Exercise objective: Take the lines from the one containing "灰觋有限公司 Gilgamesh 9类51132205注册证.jpg" through the end of the material and write them out exactly, omitting pictures.

Information supplied:

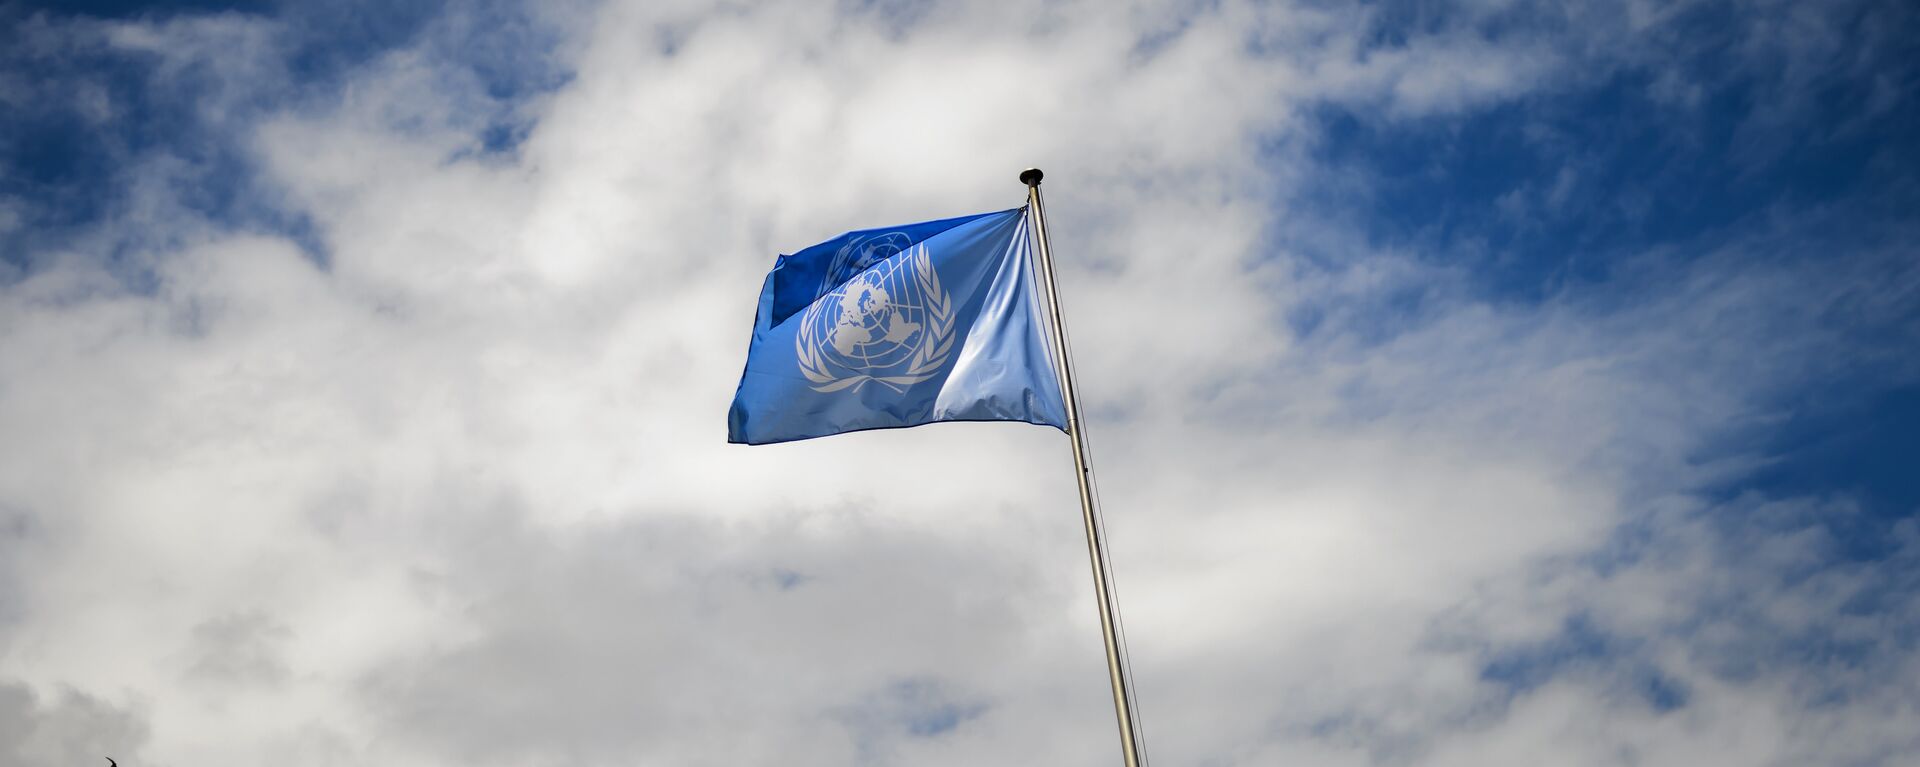 La bandera de la ONU - Sputnik Mundo, 1920, 23.02.2021
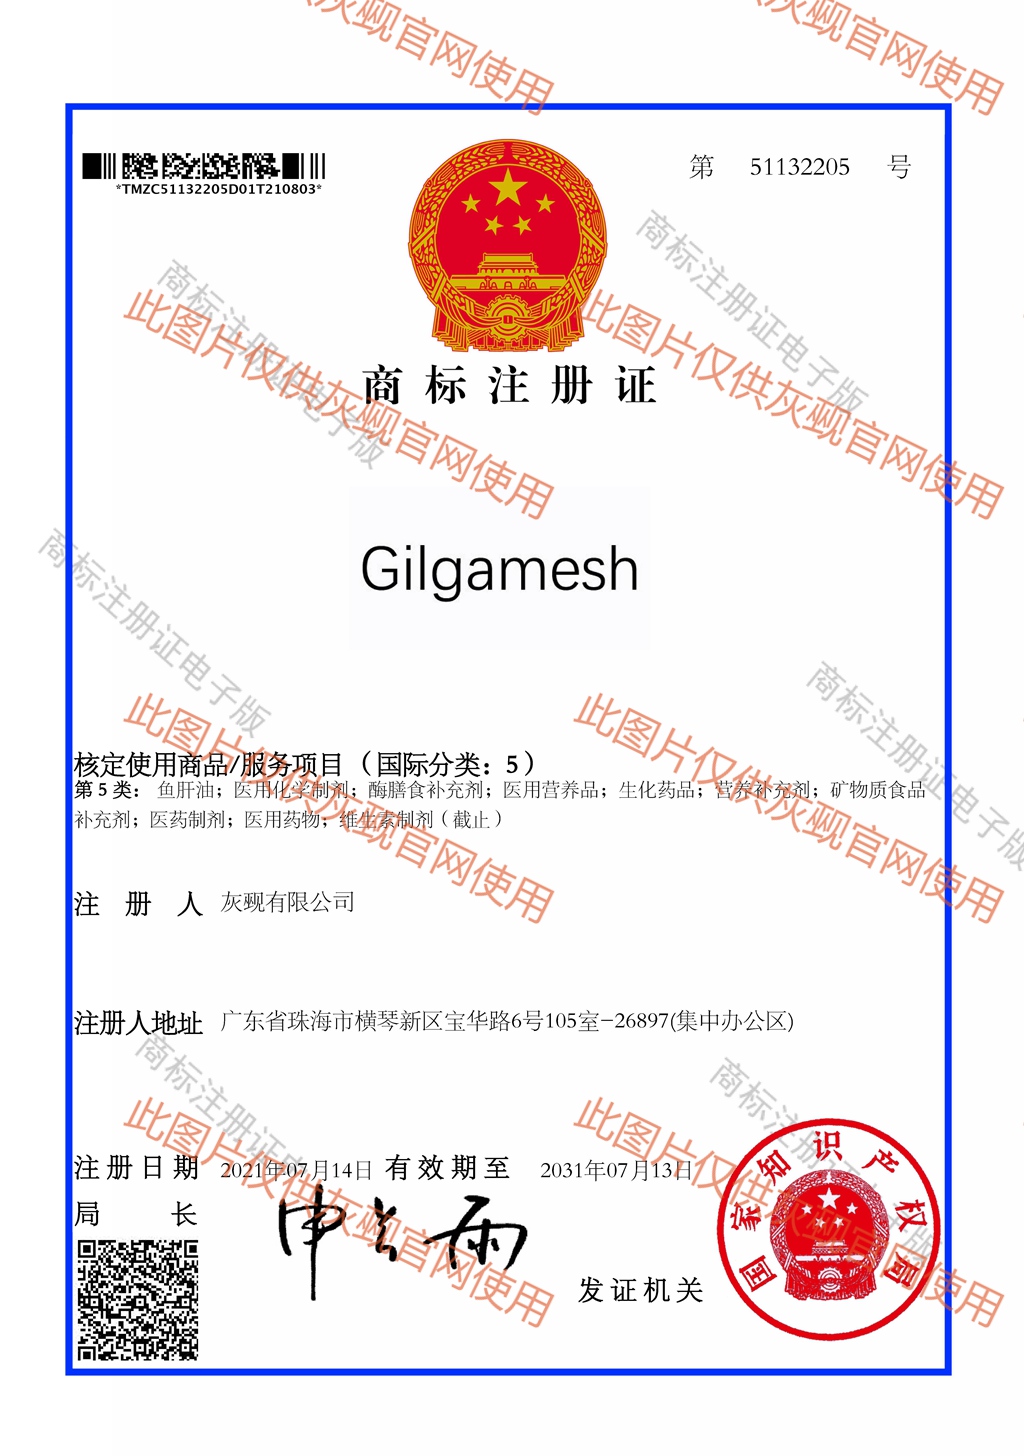 灰觋有限公司 Gilgamesh 9类51132205注册证.jpg
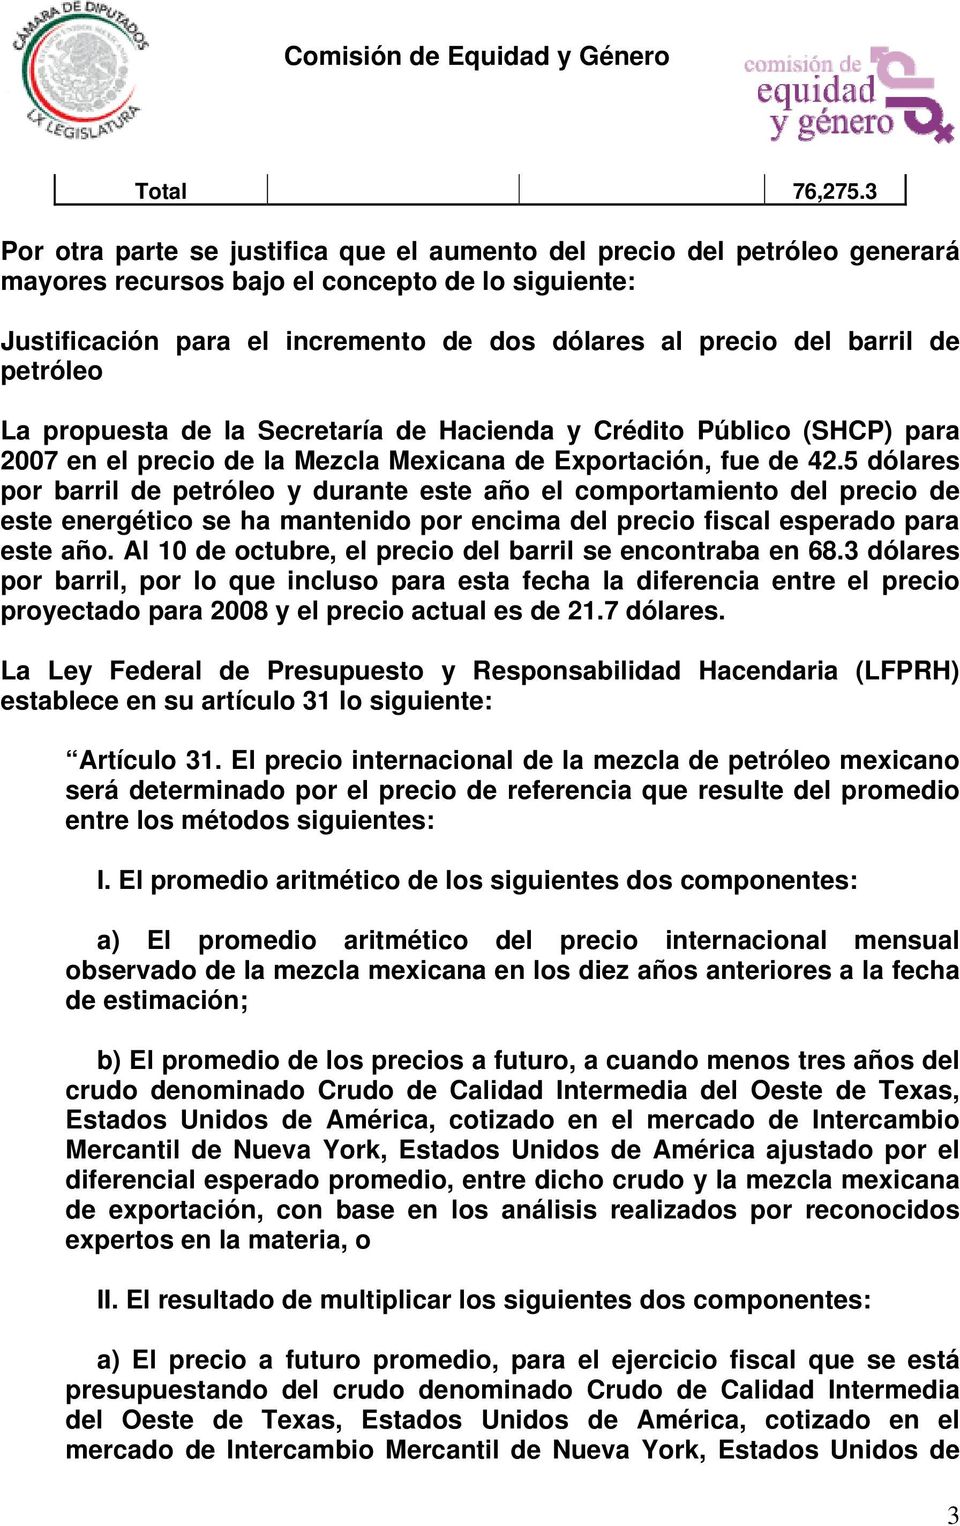 de petróleo La propuesta de la Secretaría de Hacienda y Crédito Público (SHCP) para 2007 en el precio de la Mezcla Mexicana de Exportación, fue de 42.

Written answer:
 灰觋有限公司 Gilgamesh 9类51132205注册证.jpg
 de petróleo La propuesta de la Secretaría de Hacienda y Crédito Público (SHCP) para 2007 en el precio de la Mezcla Mexicana de Exportación, fue de 42.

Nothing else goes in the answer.